Understanding the Smallest 3-Digit Number Divisible by 3 and Another Factor
When tackling the problem of finding the smallest 3-digit number divisible by 3 and another factor, it’s essential to consider the mathematical properties and the Least Common Multiple (LCM). This guide will walk you through various strategies and examples to help you find the solution accurately.
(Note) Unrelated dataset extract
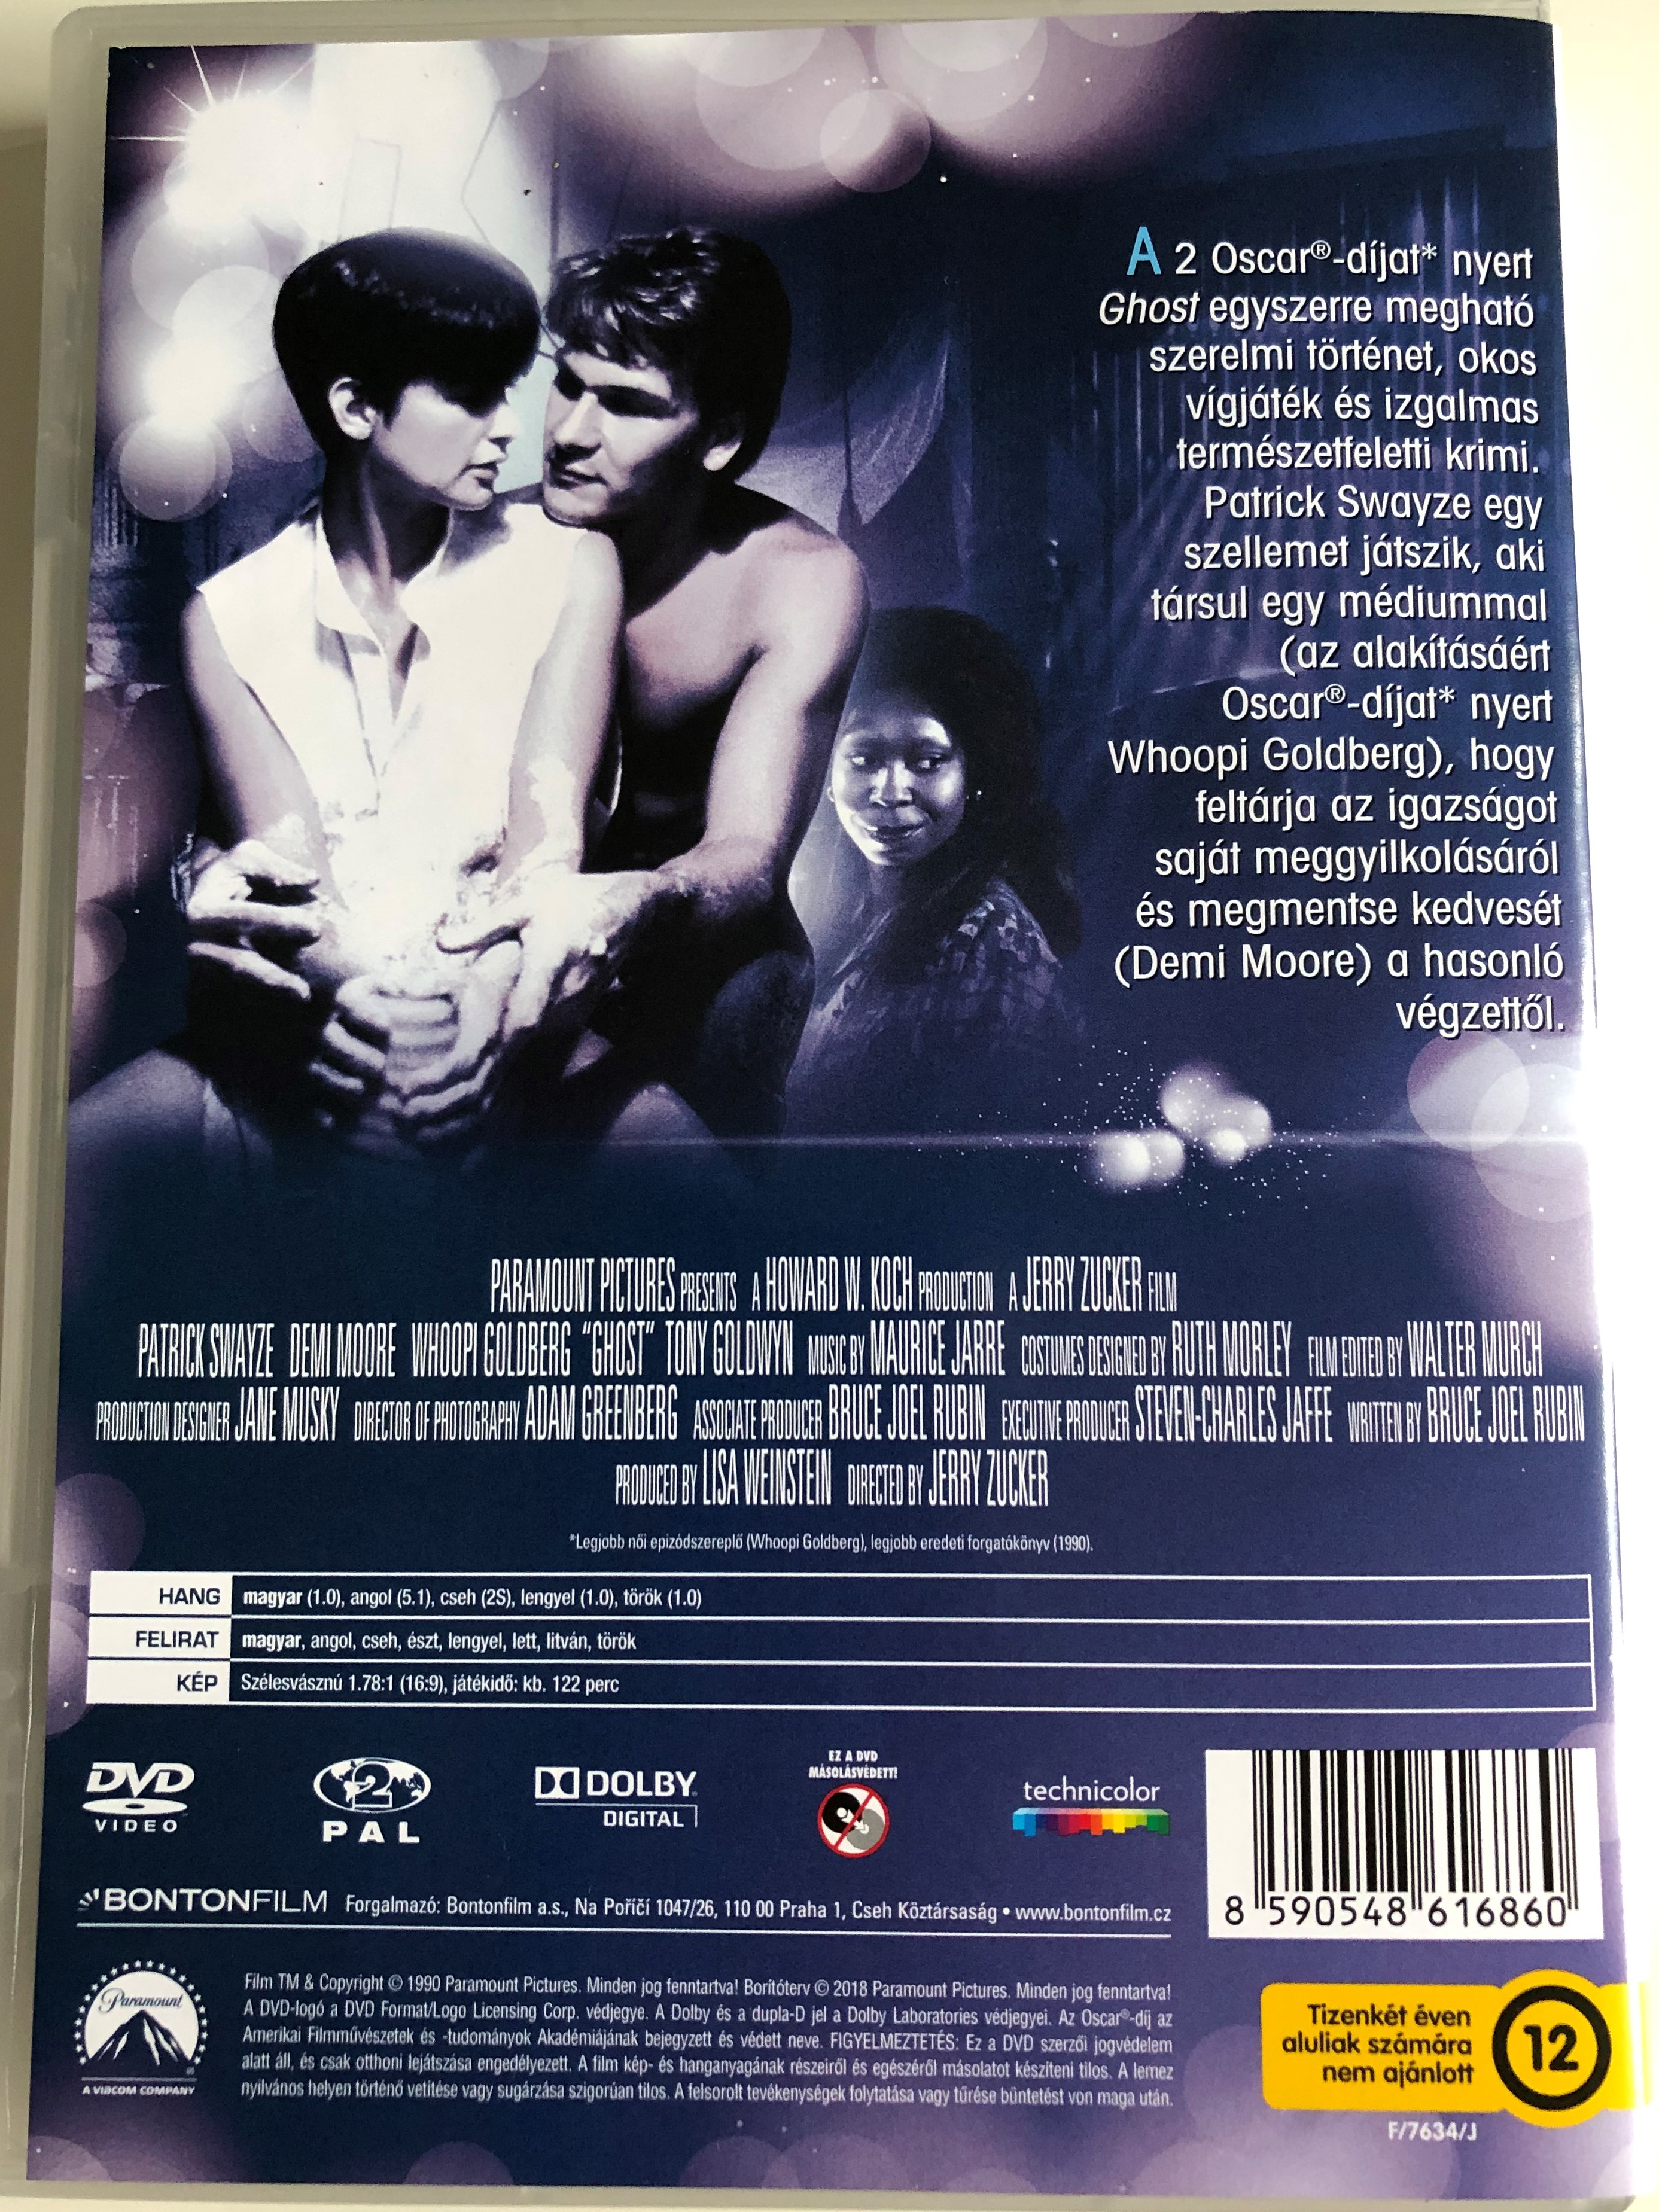 Ghost DVD 1990 Mas Alla del Amor / Directed by Jerry Zucker / Starring:  Patrick Swayze, Demi Moore, Whoopi Goldberg, Tony Goldwyn -  bibleinmylanguage

Example 1: Divisibility by 3, 72, and 743
One of the examples provided includes the question of finding the smallest 3-digit number divisible by 3 and 743. However, 743 and 742 (148) are not divisible by 3. The next number, 741, is 3×247, so it’s not divisible by 3. Therefore, the number 743 is not divisible by 3 and 742 (148). Hence, the answer ends up being 222. Yet, this approach seems inaccurate since it does not converge on a correct multiple of both 3 and 743.
Example 2: Divisibility by 3, 72, and 144
Another example that looks for the first three-digit number in the table of 72, which is 144. Since 144 is divisible by 3 (144 ÷ 3 48), the smallest 3-digit number divisible by both 3 and 72 is 144.
Example 3: Divisibility by 3 and 77
For finding the LCM of 3 and 77, the least common multiple (LCM) is calculated as 3×7×11, which is 231. Therefore, the smallest 3-digit number divisible by both 3 and 77 is 231.
Example 4: Divisibility by 3 and 75
When we consider the problem of finding the smallest 3-digit number divisible by 3 and 75, we first note that since 3 divides 75, we need to find the smallest 3-digit number divisible by 75. Dividing 1000 by 75 gives approximately 13.3, and 13 times 75 equals 975, making it the smallest three-digit number divisible by both 3 and 75.
Example 5: Divisibility by 3, 75, and 975
Since 3 divides 75, we need only find the smallest three-digit number divisible by 75. The smallest 3-digit number divisible by 75 is 975, which is 13 times 75. Thus, 975 is the smallest 3-digit number divisible by 3 and 75.
Example 6: Divisibility by 3, 75, and 150
Dividing 100 by 75 gives 1.33, and 13 times 75 equals 1050, which is not a 3-digit number. The next multiple of 75 that is a 3-digit number is 975. Simplifying, 75 ÷ 3 25, and 100 ÷ 50 2, making the smallest 3-digit number divisible by 3 and 75 equal to 150.
Conclusion
The process of finding the smallest 3-digit number divisible by 3 and another factor involves identifying the least common multiple (LCM) and finding the smallest 3-digit multiple of that LCM. Whether it’s 144, 231, or 150, understanding the LCM and divisibility rules is vital for solving such problems accurately.